Pattern 2: Code-First (generate from code)
- Annotate your backend code with OpenAPI information
- Auto-generate
openapi.yamlat build time
FastAPI (Python) supports this out of the box.
from fastapi import FastAPI
from pydantic import BaseModel
app = FastAPI()
class User(BaseModel):
id: int
name: str
email: str
@app.get("/users/{id}", response_model=User)
def get_user(id: int):
return {"id": id, "name": "Kaito", "email": "kaito@example.com"}
Start the server and Swagger UI is automatically available at /docs.

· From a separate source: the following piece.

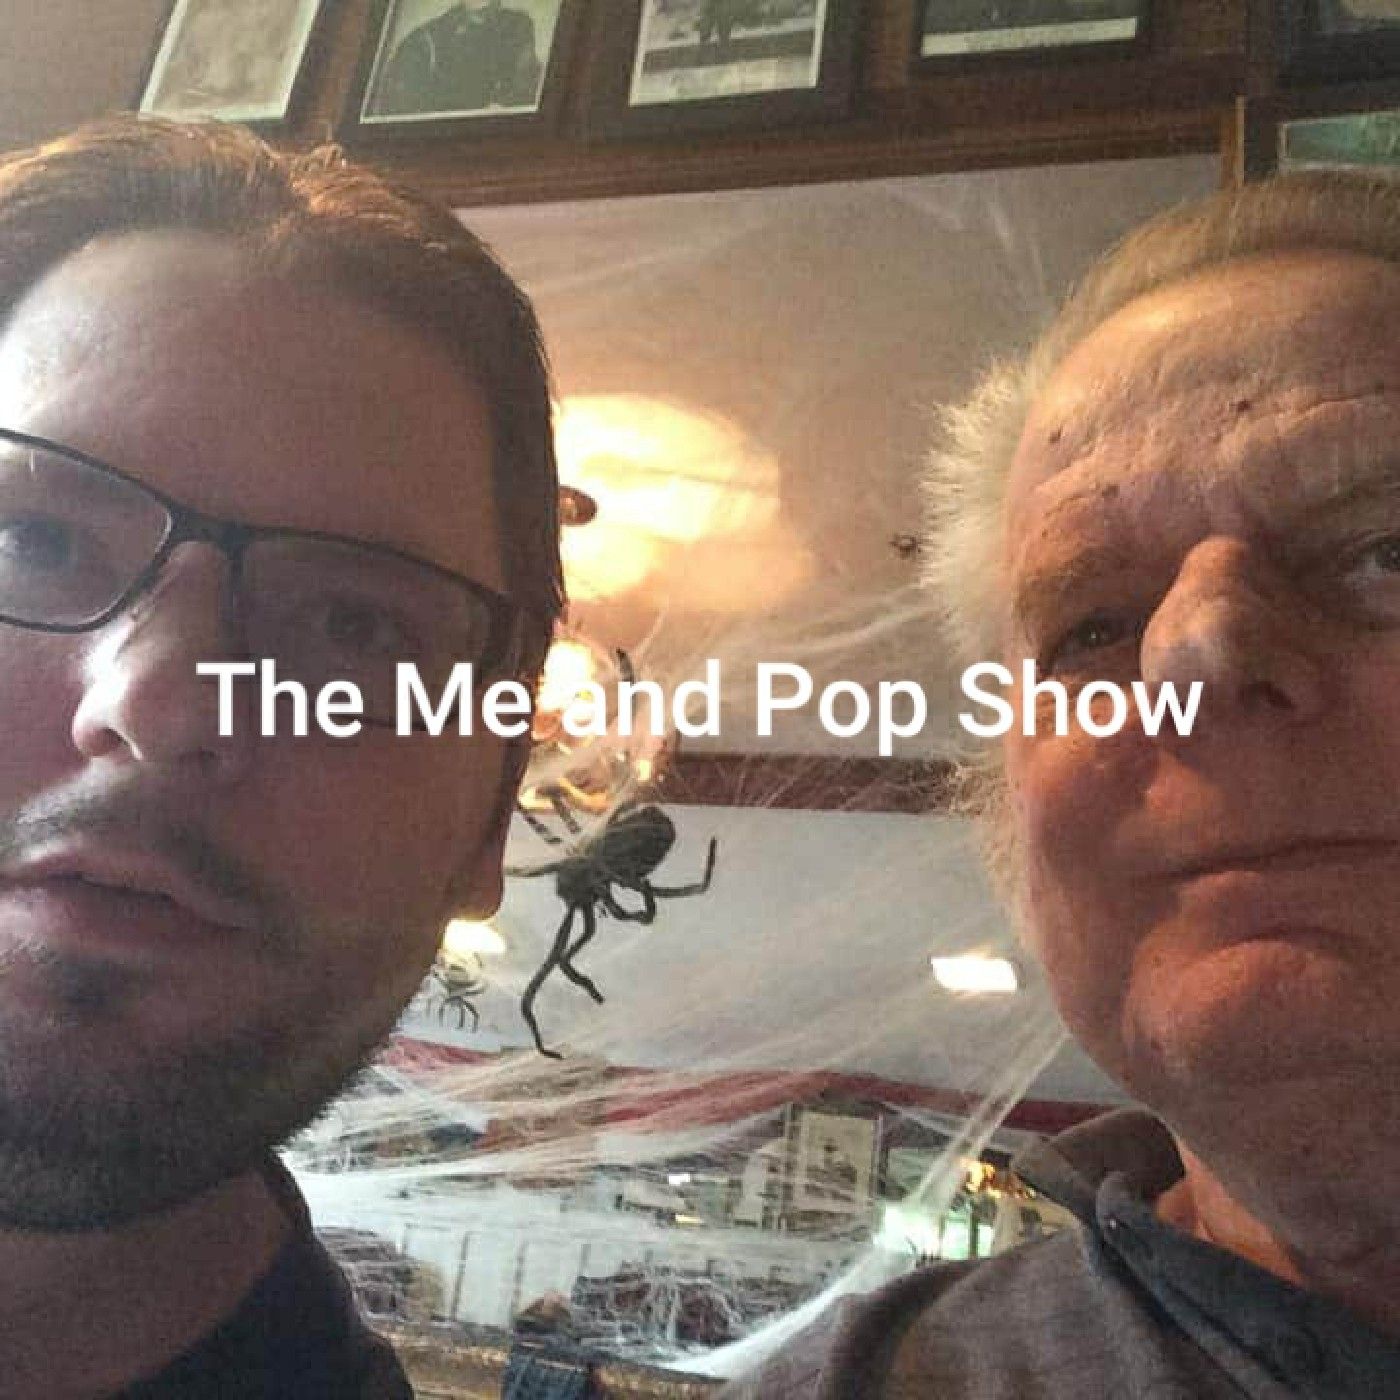 The Me and Pop Show Episode 2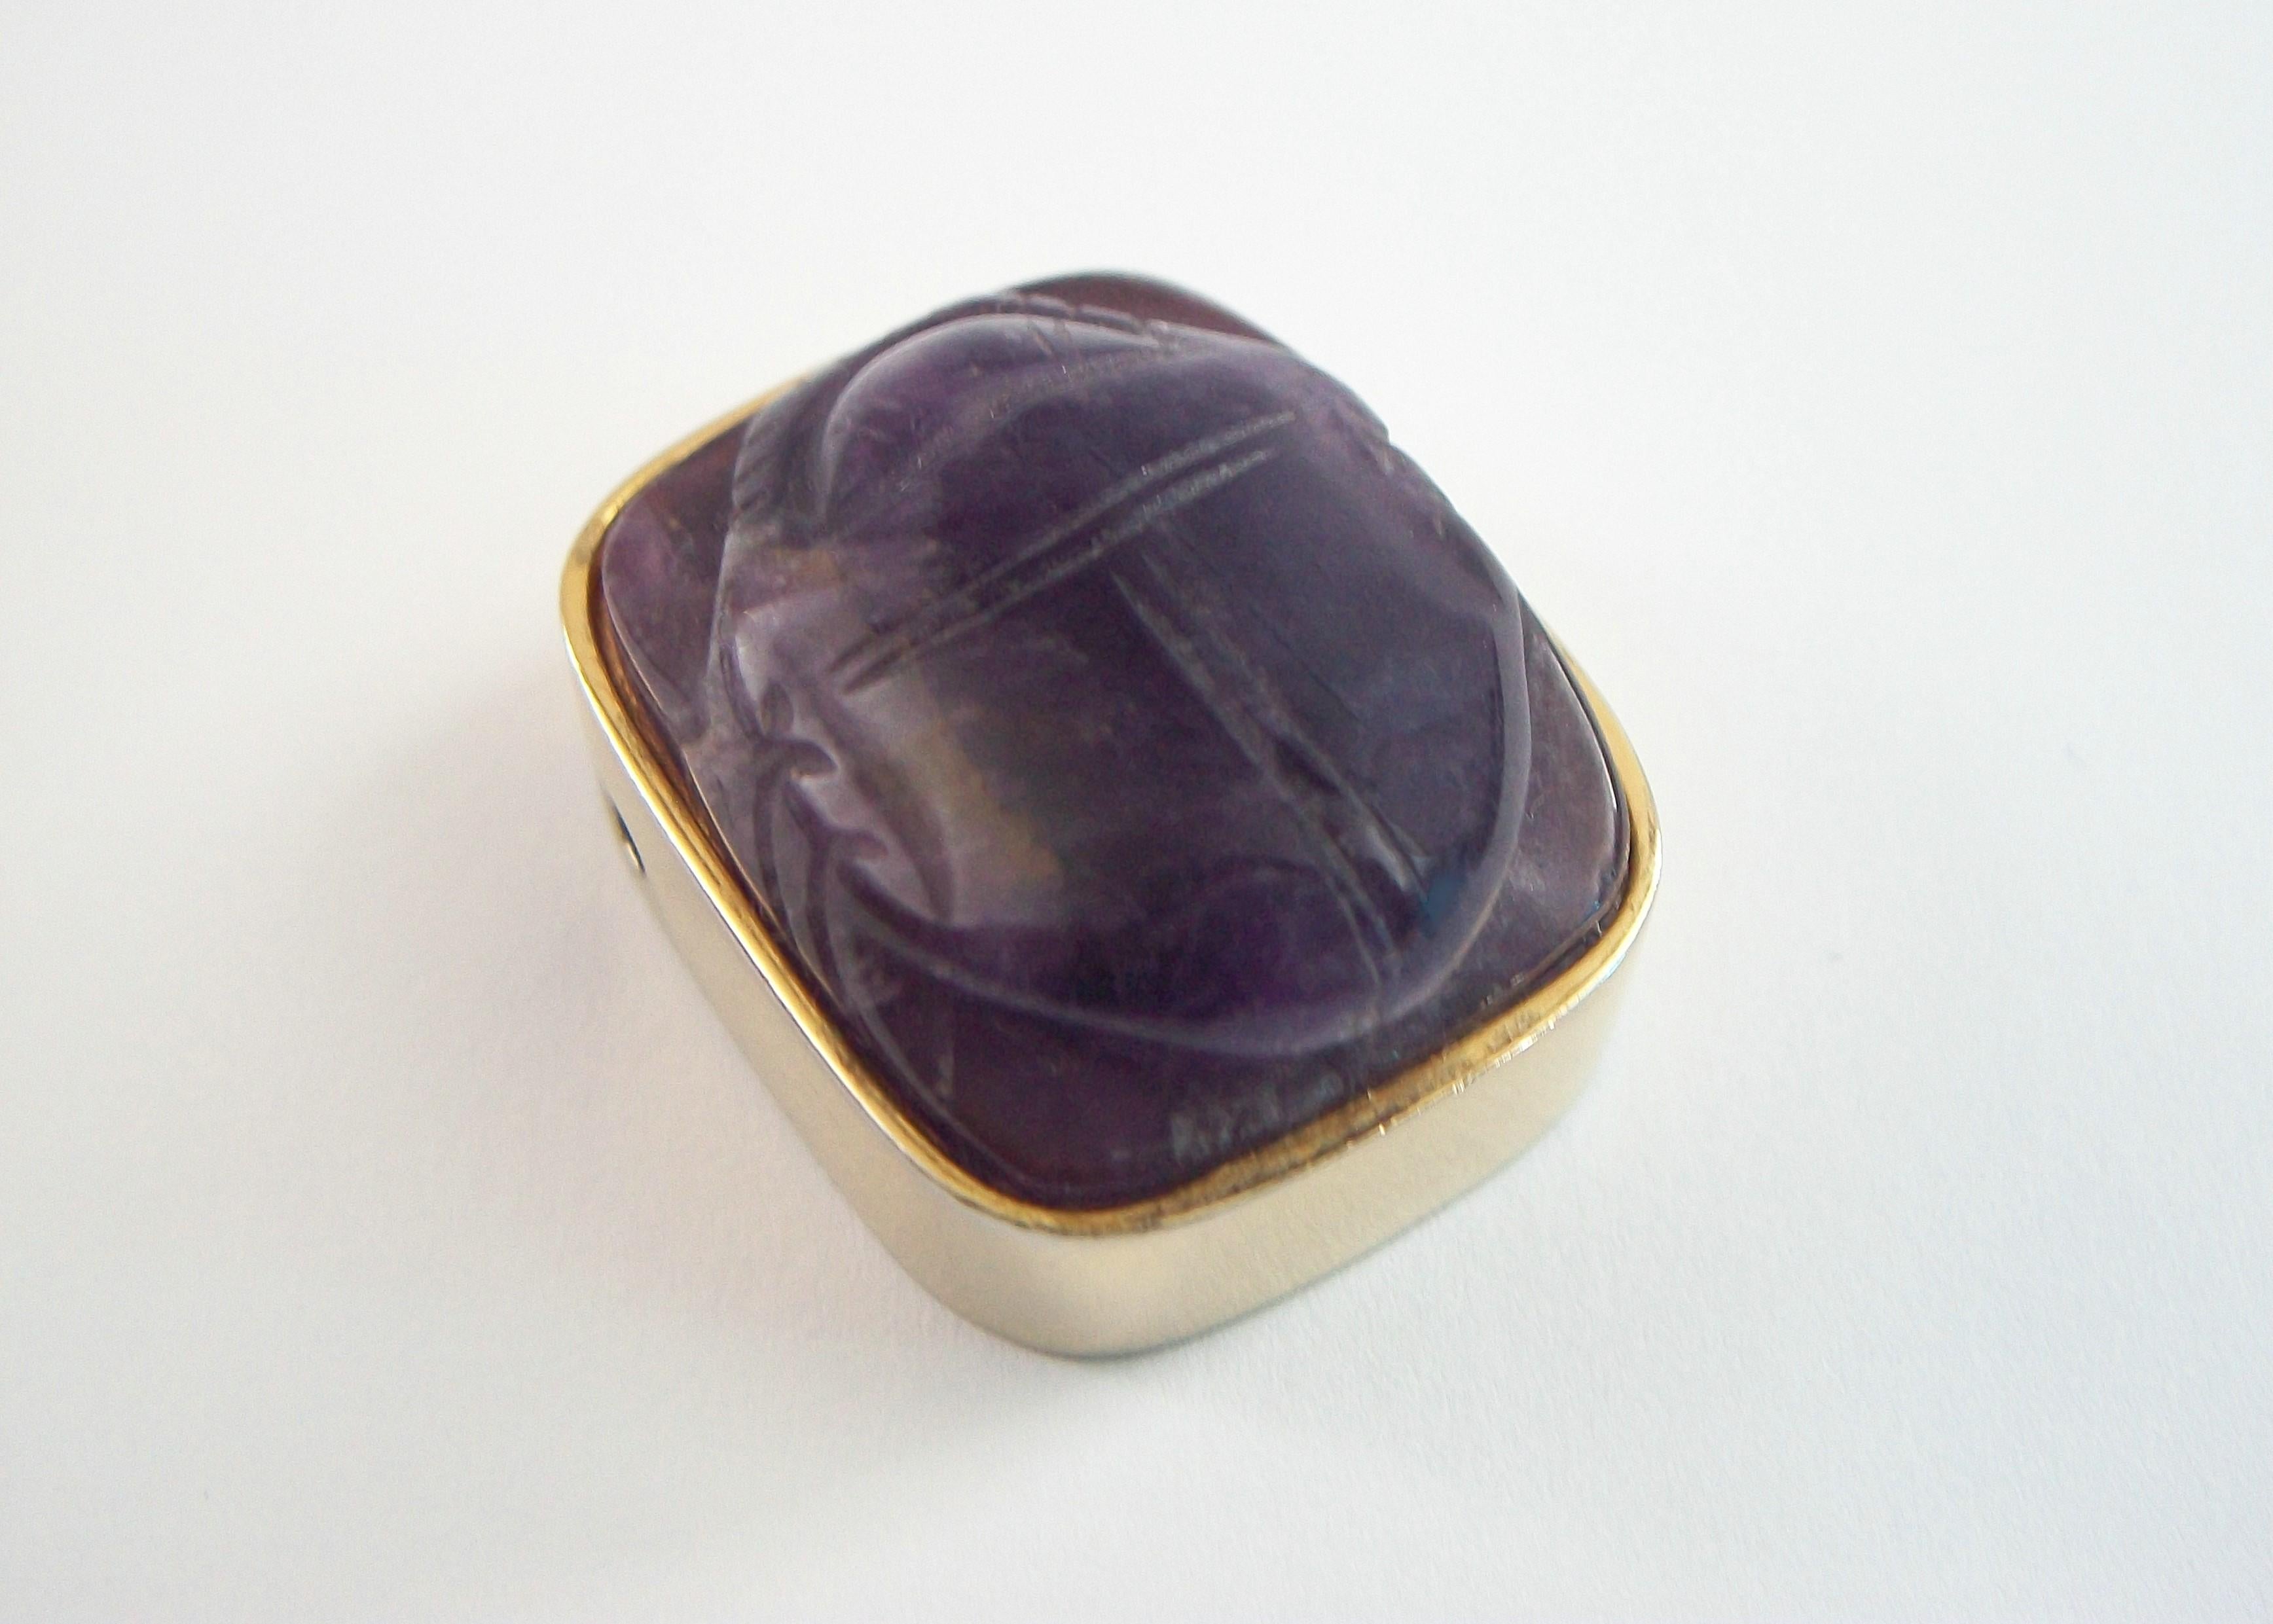 METROPOLITAN MUSEUM OF ART - Egyptian revival carved amethyst scarab beetle pendant - the scarab gemstone (approx. 42.34 total carat weight - 27 mm. long x 22 mm. wide x 10 mm. deep) bezel set in vermeil (sterling silver with a gold wash) with holes

The raw spec is at /openapi.json.
Common Tools
| Tool | Purpose |
|---|---|
| Swagger Editor | Edit YAML in the browser with a live preview |
| Swagger UI | Generate HTML documentation from an OpenAPI file |
| Redoc | Cleaner-looking alternative to Swagger UI for docs |
| openapi-generator | Generate client/server code for 50+ languages |
| Prism | Spin up a mock server instantly from an OpenAPI file |
| Stoplight Studio | GUI editor for designing OpenAPI specs visually |
Generating a client with openapi-generator
# Generate a TypeScript/axios client
npx @openapitools/openapi-generator-cli generate \
-i openapi.yaml \
-g typescript-axios \
-o src/generated/api
Generated code includes full type information, which greatly reduces type mismatch errors on the frontend.
Using OpenAPI in CI
You can automatically validate the OpenAPI spec in GitHub Actions.
# .github/workflows/openapi-lint.yml
name: OpenAPI Lint
on: [push, pull_request]
jobs:
lint:
runs-on: ubuntu-latest
steps:
- uses: actions/checkout@v4
- name: Validate OpenAPI spec
uses: openapi-generators/openapitools-generator-action@v1
with:
generator: openapi
openapi-file: openapi.yaml
command-args: validate
Spectral (by Stoplight) lets you define and enforce your own team rules — naming conventions, required fields, and more — as a lint step.
Summary
OpenAPI is a standard format for managing API specs in YAML, in one place.
- Docs are auto-generated — no more hand-writing in Confluence
- Client code is auto-generated — no more type mismatches
- Mock servers can be spun up instantly — frontend development doesn’t block on the backend
- CI validation — spec drift is caught early
If you’re using FastAPI, the OpenAPI document is generated automatically just by writing code — the onboarding cost is basically zero. The fastest way to experience OpenAPI in practice is to spin up a FastAPI server and visit /docs.